In order to counteract this effect, matrix matching and internal standards were used.
Calibration solutions of each element were done in a LiM matrix, same as the sample.
Calibration curves were done using concentration range from 0.1 ppm to 10 ppm and 4 points were used for each element. Correlation of each curve was higher than 0.999. Samples were diluted to be within the calibration range. Dilution of sample prevented any clogging caused by a high salt matrix.
Experiments were conducted using different NIST standards, CRM (certified reference material) and SRM (standard reference material) of Zeolites, high silica samples and other composition known catalysts. Complete sample dissolutions were accomplished in rapid fashion without the use of HF. The length of the fusion program was less than 12 minutes including dissolution. A 10 % HNO3 solution in ultra-pure water was used as solvent for the Lithium metaborate- sample mixture.
Because of the interferences from the sample or the matrix, different wavelengths were used for the analysis. A minimum of two lines were selected per element, an atomic and an ionic line if possible. A line having no overlapping was selected for quantification when possible.
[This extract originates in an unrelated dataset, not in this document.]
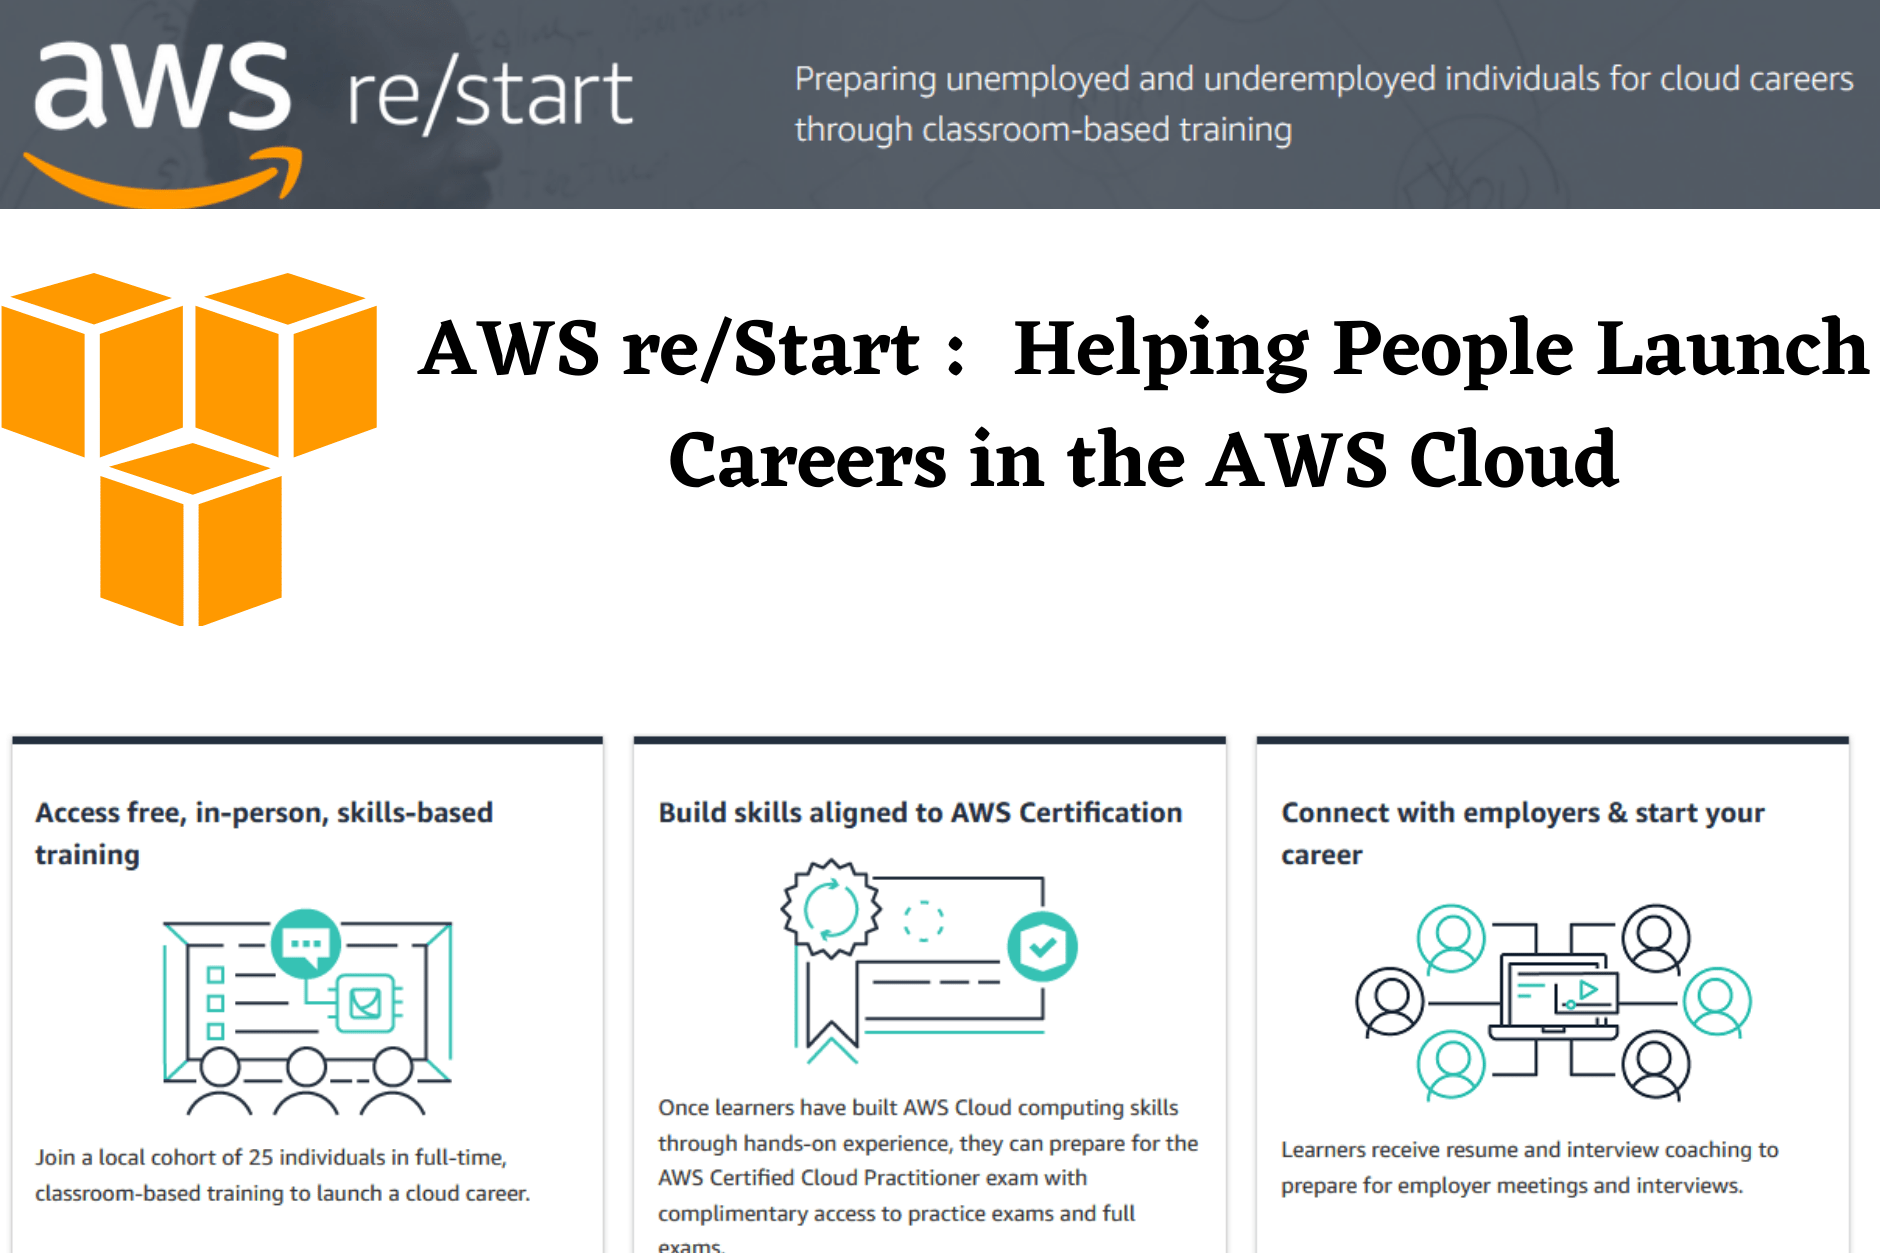 Helping People Launch Careers in the AWS Cloud

With the use of matrix matching and strict interference management we have been able to get recoveries of 90 to 100 % for most of the elements in each sample tried. RSD are less than 4 % on a 8 replicate test. 1 or 2 % RSD were obtained for most elements showing a good reproducibility for the complete analytical process.
High salt content of borate solutions can be managed in routine and research ICP-OES laboratory environments. To do so, spectral interferences from the matrix itself must be managed with proper emission line selection and a combination of background correction, multi-component spectral fitting (MSF), and inter-element spectral corrections (IEC).
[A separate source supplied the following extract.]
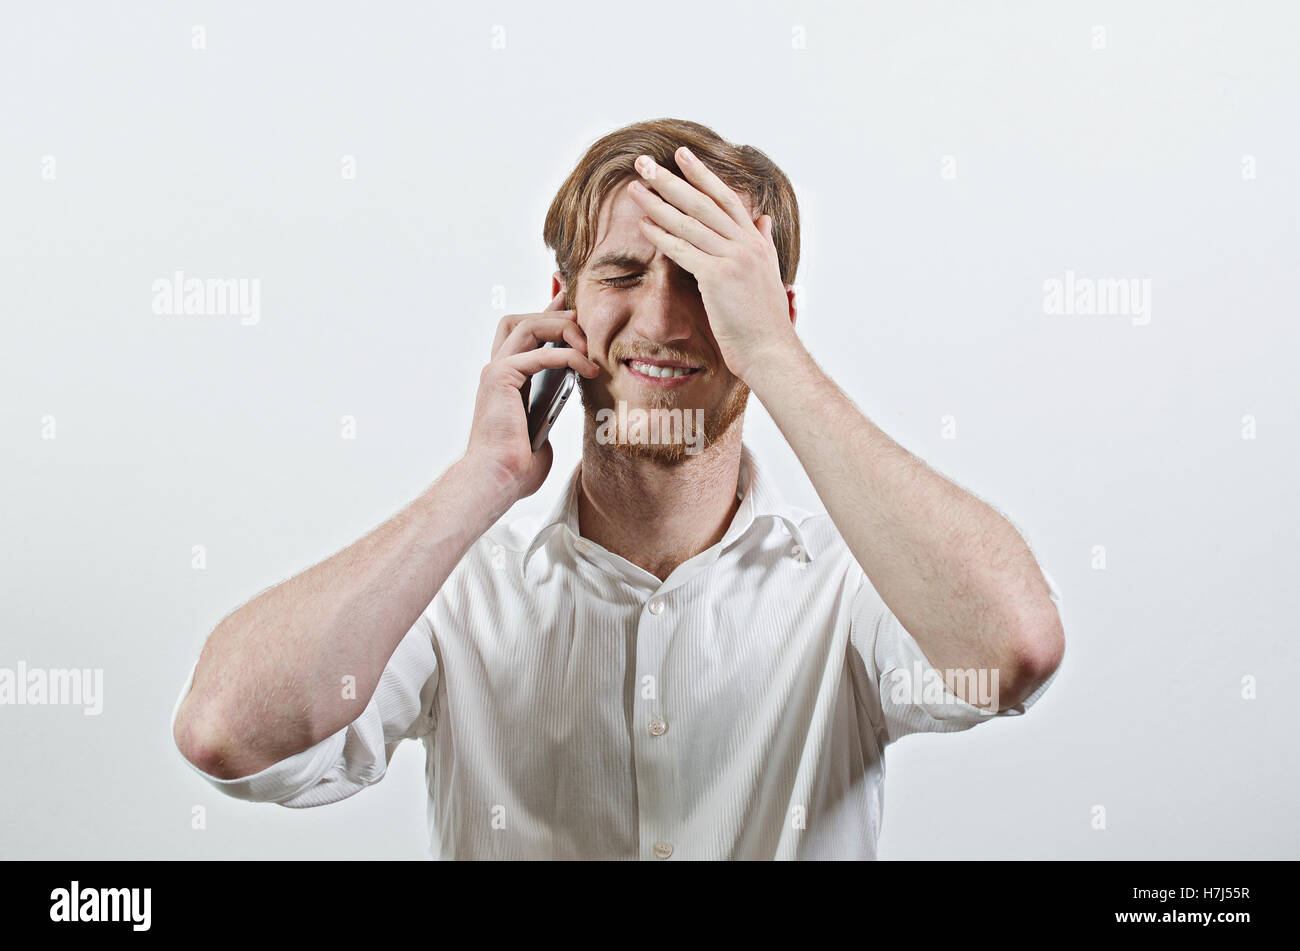 Young Adult Man in White Shirt Listening to His Phone, Holding His Head in Hands, Receiving Bad News Stock Photo

Volatilization of light element can be prevented by using an appropriate fusion program.
Lithium borate fusion method for ICP and AA is faster than standard acid dissolution on a hot plate or a microwave for several sample types. Good recoveries were obtained without the use of HF or HClO4 and the dissolution was always complete even for refractories such as silicates and chromites.
Borate fusion gives very accurate and precise results for ICP-OES applications. It allows for a rapid and safe alternative to acid digestions with strong acids (HF, HClO4) for the dissolution of high silicate matrices.